The one thing I admire about guys like Bill Murray and Chevy Chase is that they knew that their comedic powers were limited. They knew that they were only going to have that precious comedic timing that so few get for so long before it would be gone. They would always be funny guys, but they knew that their time as two of the funniest people in the history of cinema was very limited. It is a lesson Jim Carrey never learned, and I believe the world missed out on some great Jim Carrey comedies because he was infatuated with doing things like The Truman Show.

At the peak of his comedic powers, Bill Murray made an adaptation of the classic Charles Dickens tale, A Christmas Carol. And while it is kind of easy to pick out his secretary as being Cratchit and his brother as being the nephew from Dickens’ story, the movie never really establishes Christmas as being the reason that Frank Cross changes his evil ways. What really changes his evil ways is his love for Claire and his desire to rekindle that relationship. At the end, he remembers how much he loves her and how happy the two were together and that is what solves the problem. Christmas is just an afterthought.

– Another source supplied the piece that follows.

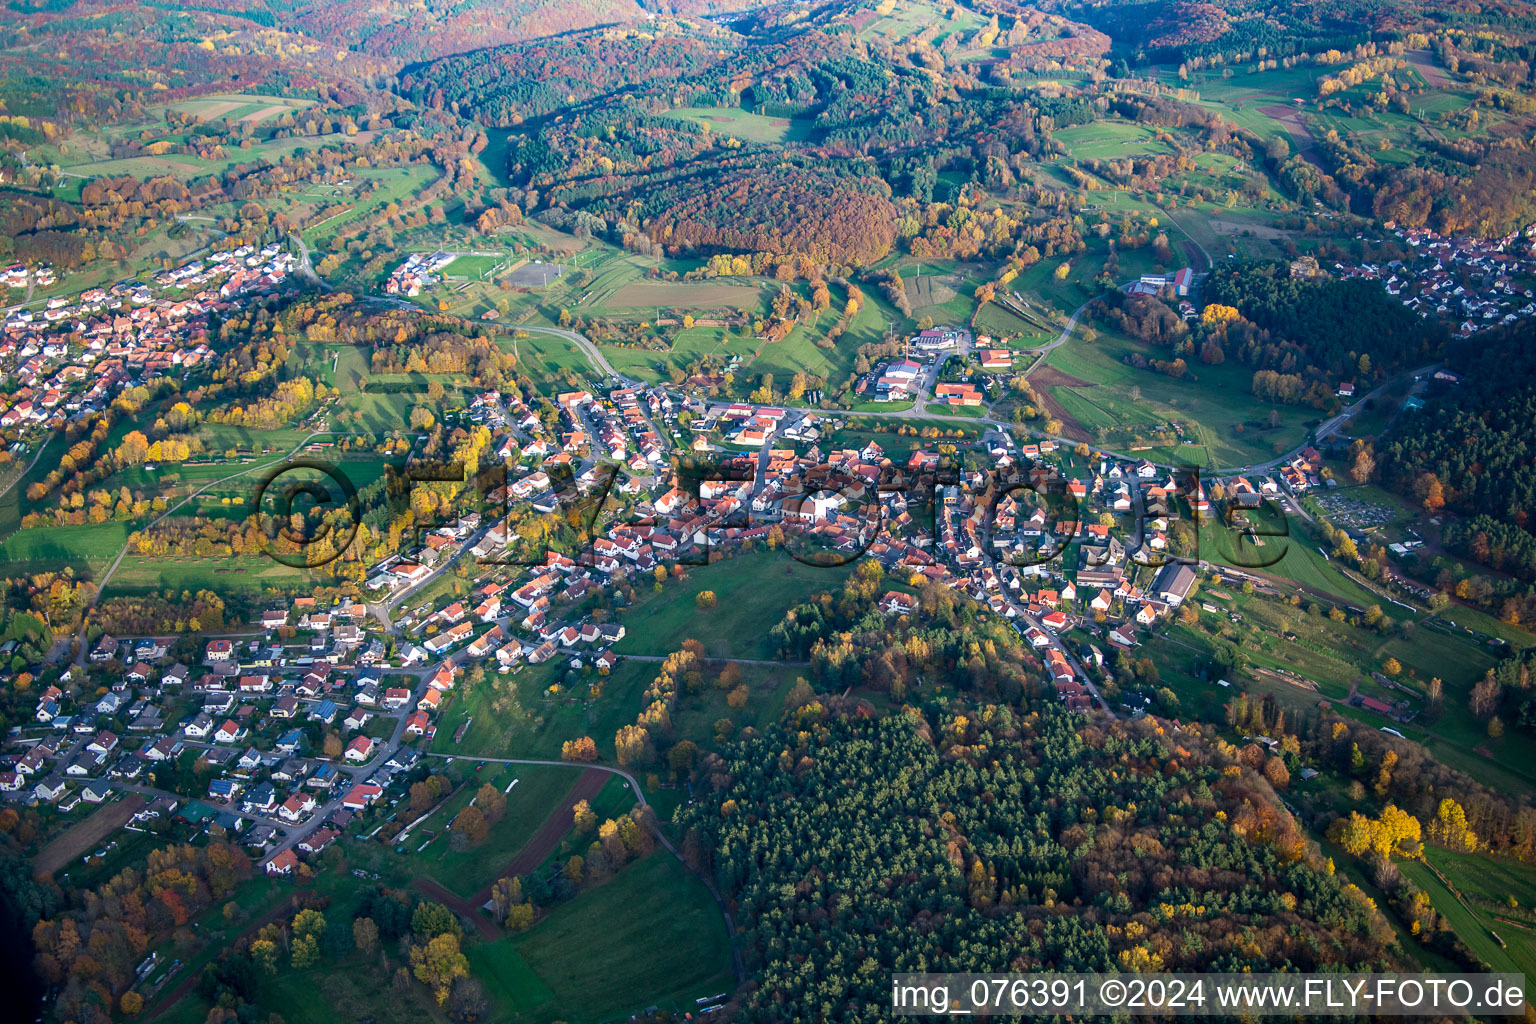 District Gossersweiler in Gossersweiler-Stein in the state Rhineland-Palatinate, Germany
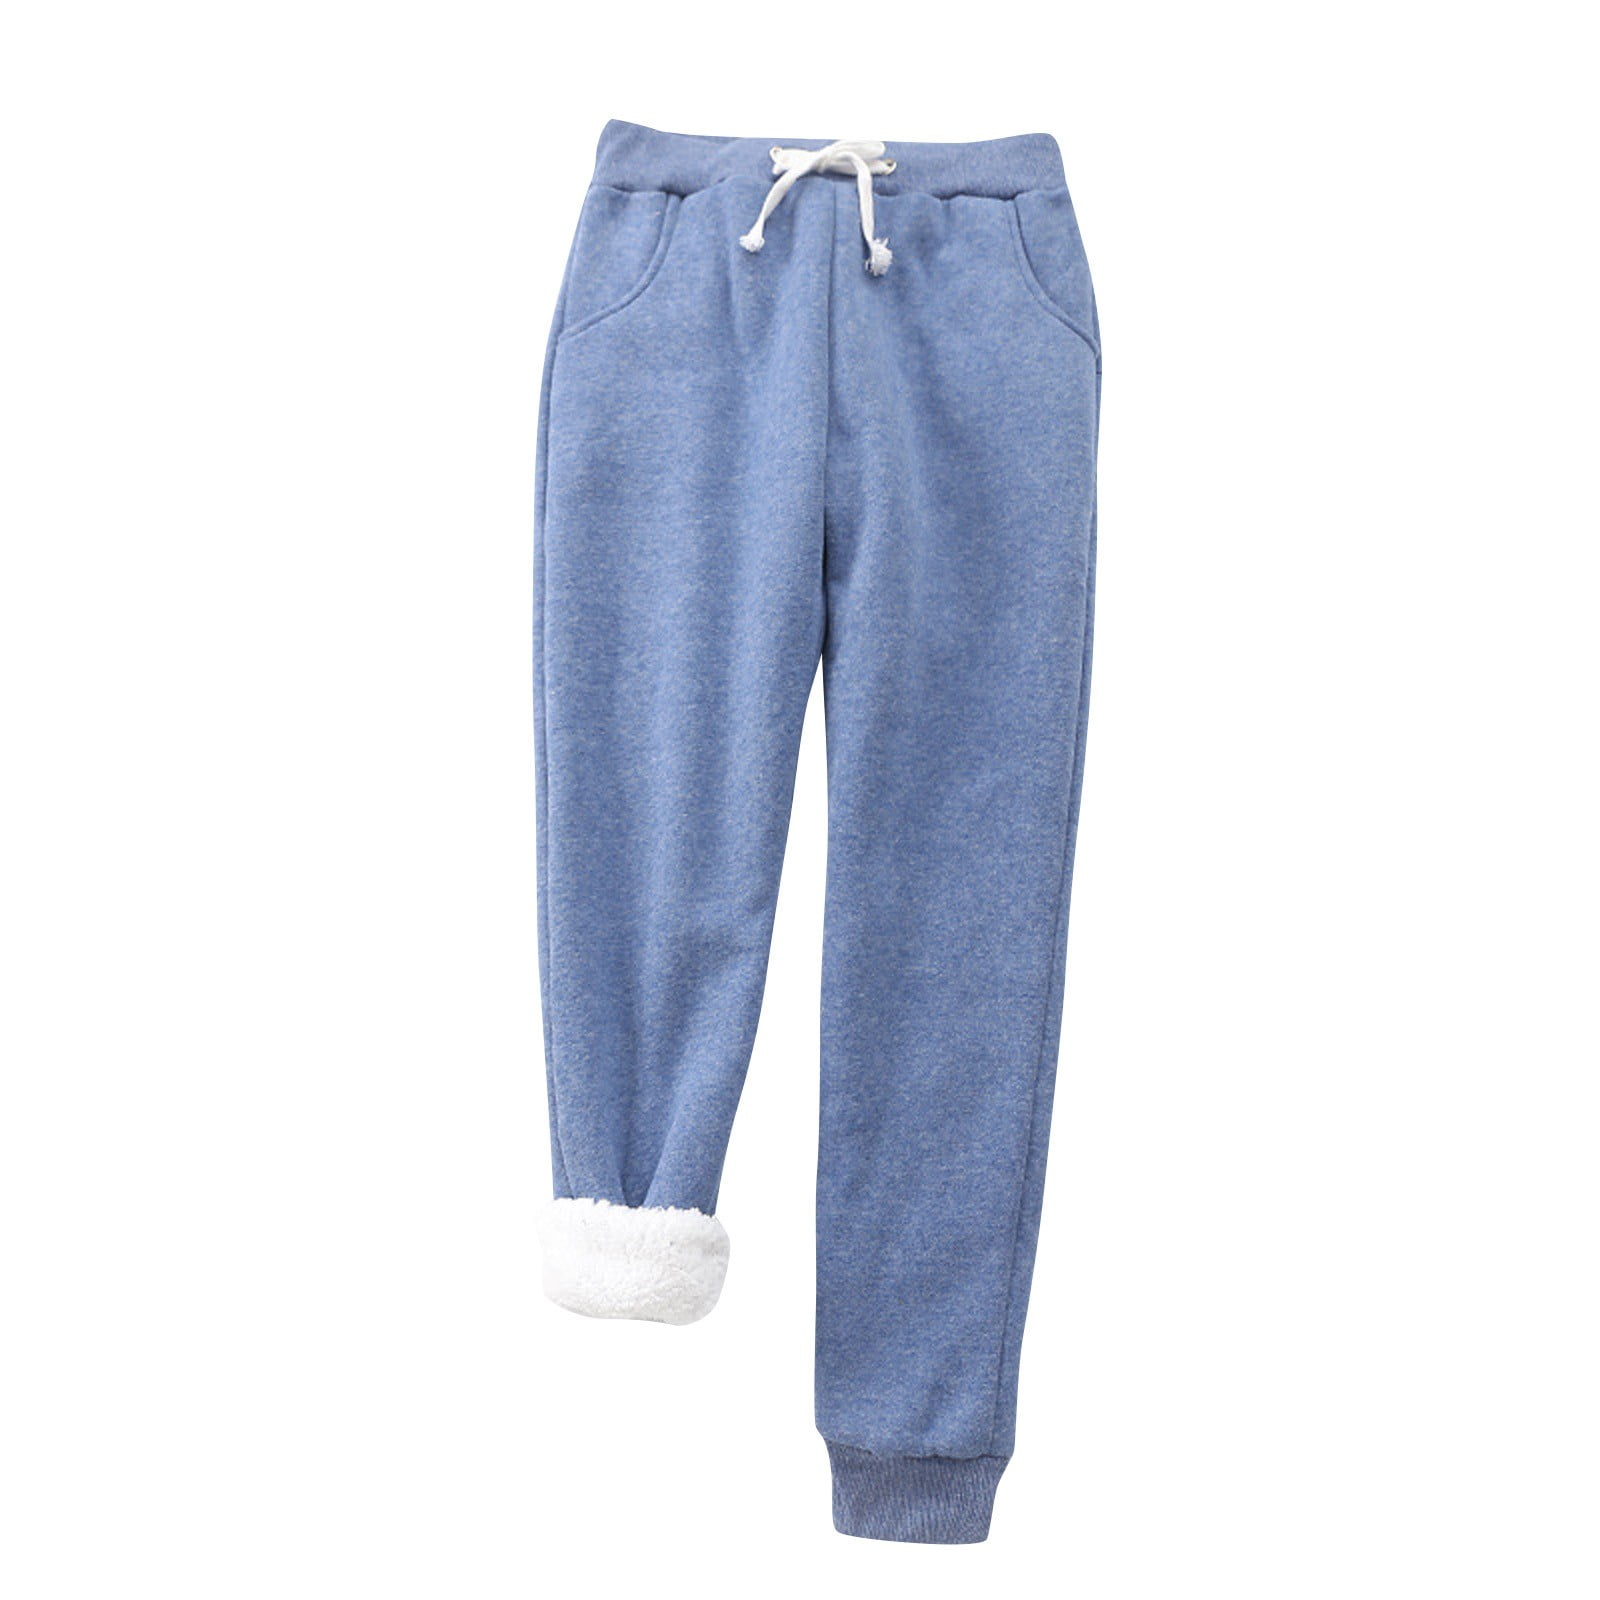 Susanny Sweat Pants for Women Fleece Lined High Waisted Petite

I had more than one person ask me when I was going to review Scrooged and I have avoided it because I did not want to anger people by saying that it isn’t a holiday classic. It is one of those movies that fails at its attempt to illicit images of sugar plumbs in people’s heads, but succeeds immensely in being one of the funniest movies ever made. A Christmas classic has Christmas as the center of everything. Christmas is the setting, Christmas is the issue, and Christmas is the solution. In Scrooged, the problem is not really Christmas. The problem is that Frank Cross became a miserable prick and now he needs to change his ways. The ghost of his old boss (playing the role of Jacob Marley) never even tries to establish the fact that Cross is headed towards a horrible fate. In the desire to make the comedy funny, the movie glosses over the direction that Cross’ life is headed in. But the movie hits a home run as a comedy, and that is why so many people love it today.